The VTune and Advisor analyses run extremly fast when compared to my non-parallelized raw C++ code in VS2013.
Does VTune/Advisor use their own switch settings? Does the Intel analyses actually run the code or simulate it?
The code is an electromagnetic simulation and only generates matrices and has nothing to do with graphics. I have an AMD 8-core CPU with two Radeon 6990 boards (4 GPUs total because they each have 2 GPUs). I haven't parallized anything in the code yet. I need to understand the fundamentals of what I'm seeing first.
I'm using VS2013 with Intel Composer XE SP1
>>> Does the Intel analyses actually run the code or simulate it?>>>
Actually this is a cooperation of kernel mode modules (producers) and user mode modules (consumers). Your code is probably scheduled to run from inside the VTune UI and kernel mode modules are gathering CPU stats by reading and writing MSR registers. Specific module vtss.sys is used probably to walk thread stacks(kernel and user mode) and resolve function calls.
I've used Basic Hotspots, Advanced Hotspots, and any of the Advisor tools. The code runs and cycles through expected screen outputs in any of these analyses in under a second. If I run the code by itself, it'll take several minutes.
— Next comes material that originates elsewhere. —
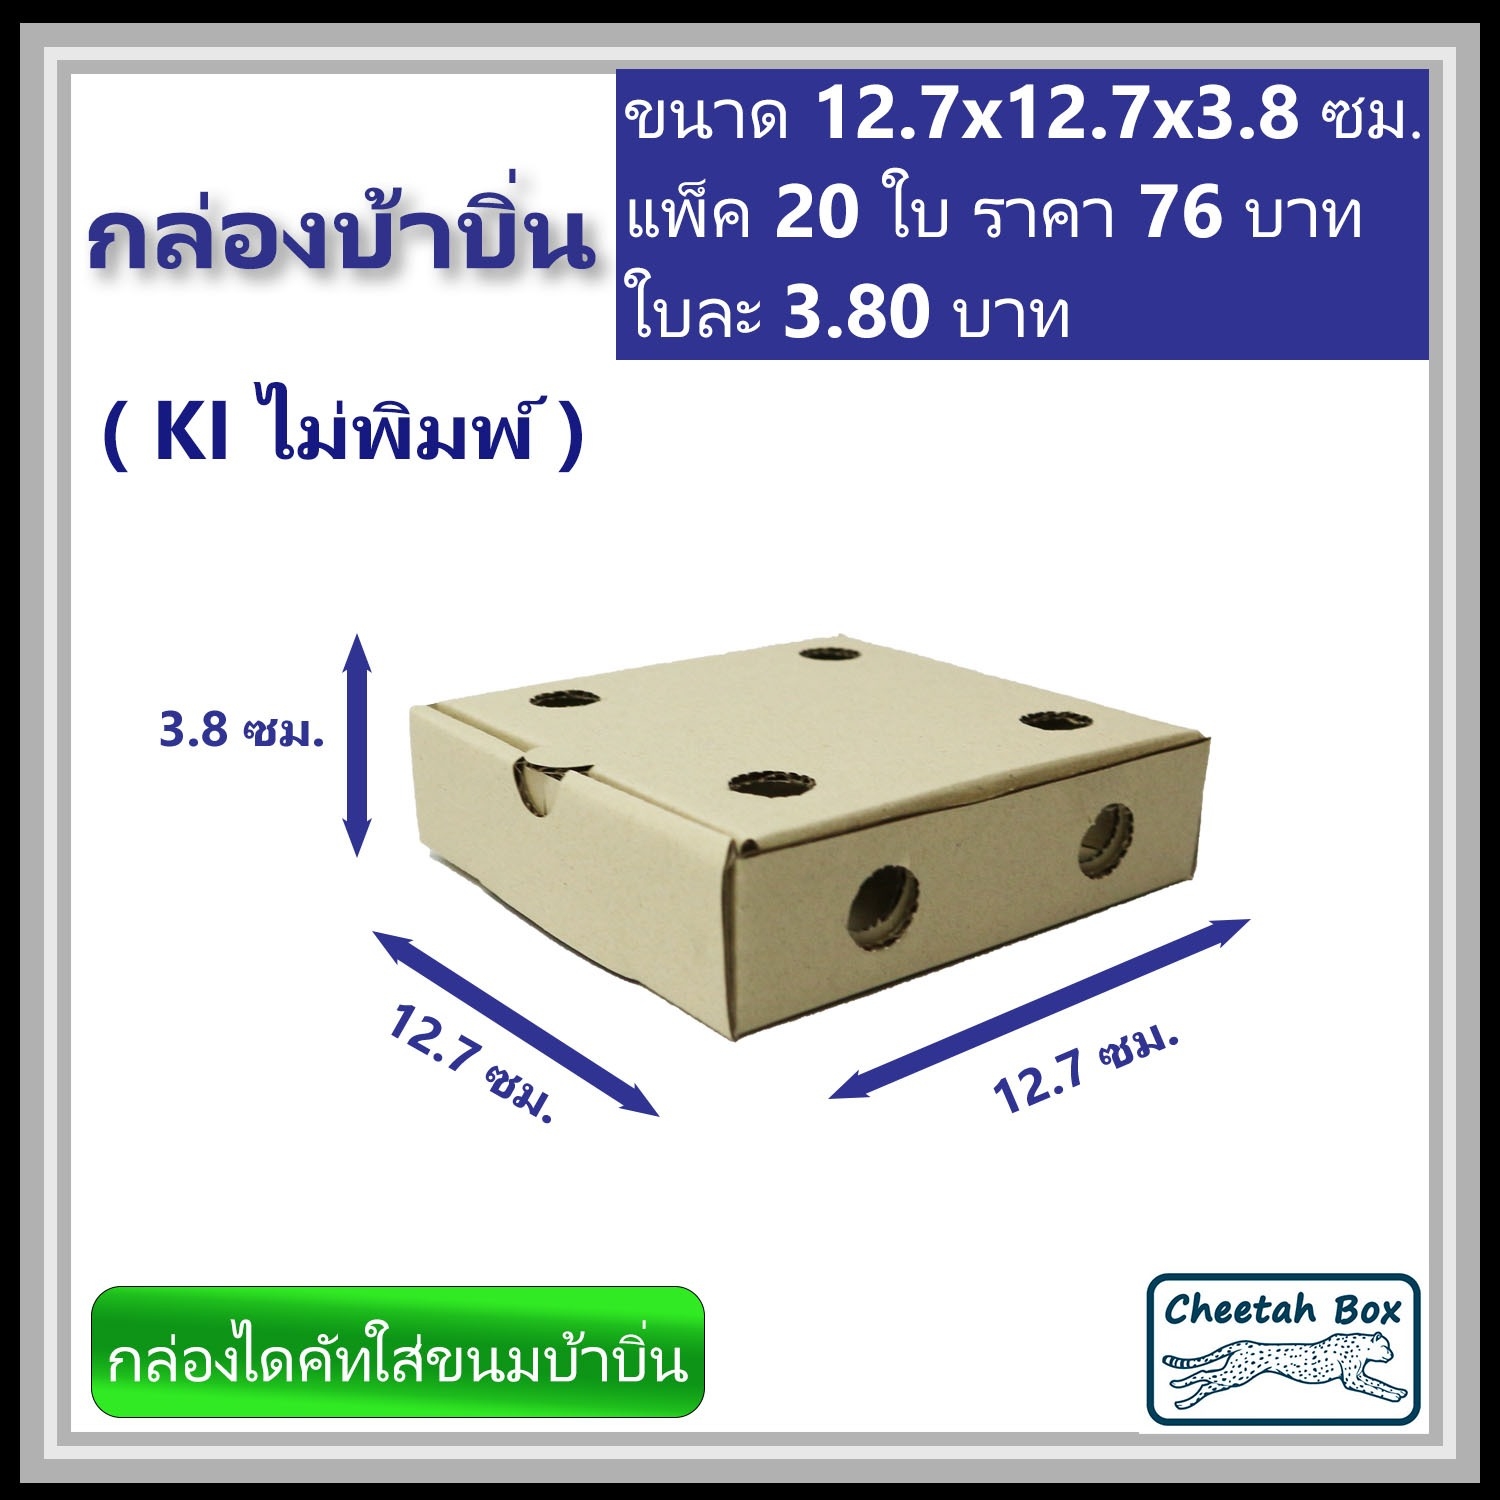 กล่องกล่องบ้าบิ่น 5 นิ้ว ไม่พิมพ์ (Die-cut Box) ขนาด 12.7W x 12.7L x 3.8H cm.

There's something fundamental that I'm missing about it's use. Iliy post is insightful though the program does appear to run as expected, just faster.
Yes, the program runs faster within VTune and it generates the expected outputs (data files and screen output).
I can run the program in VTune and get great performance. The executable is about 15x slower than if I run it in VTune. Additionally running it from the program debugger (F5 from within VS2013) is about 100x slower.
I'd like to identify how I can match the performance of the VTune run code from the executable and a get the Visual Studios run release version somewhere close.
VTune Amplifier never "simulates" your code. However, depending on your analysis type, it may inject some code. Under what analysis type(s) are you seeing this behavior?
AFAIK some kind of instrumentation is injected inside the profiled process address space,but I do not know how it can contribute to increased code performance. Maybe it is dependent of specific analysis type as @MrAnderson hints.
>>>Additionally running it from the program debugger (F5 from within VS2013) is about 100x slower.>>>
In this case VS debugger can perform additional checks on memory buffers and stack guard pages moreover it can execute breakpoints and attempt to handle various exceptions.
Thanks again Iliy. I did just that by putting a timer in the code and running it through different processes.
Human error and inexperience prevail in this case. The Intel VTune and Intel Survey Analysis all had virtually identical run times to the executable when run from the prompt. My failure was in two parts: #1 running an older release version from the prompt which was had 15x longer run-time (configuration control); and #2 not having my release configuration setup properly in VS to run at a speed representative of the executable.
Sorry to have wasted your time. I'm sure there are more satisfying problems to solve on the forum. You did give me an insight to the Intel tools which was, in part, what I was seeking.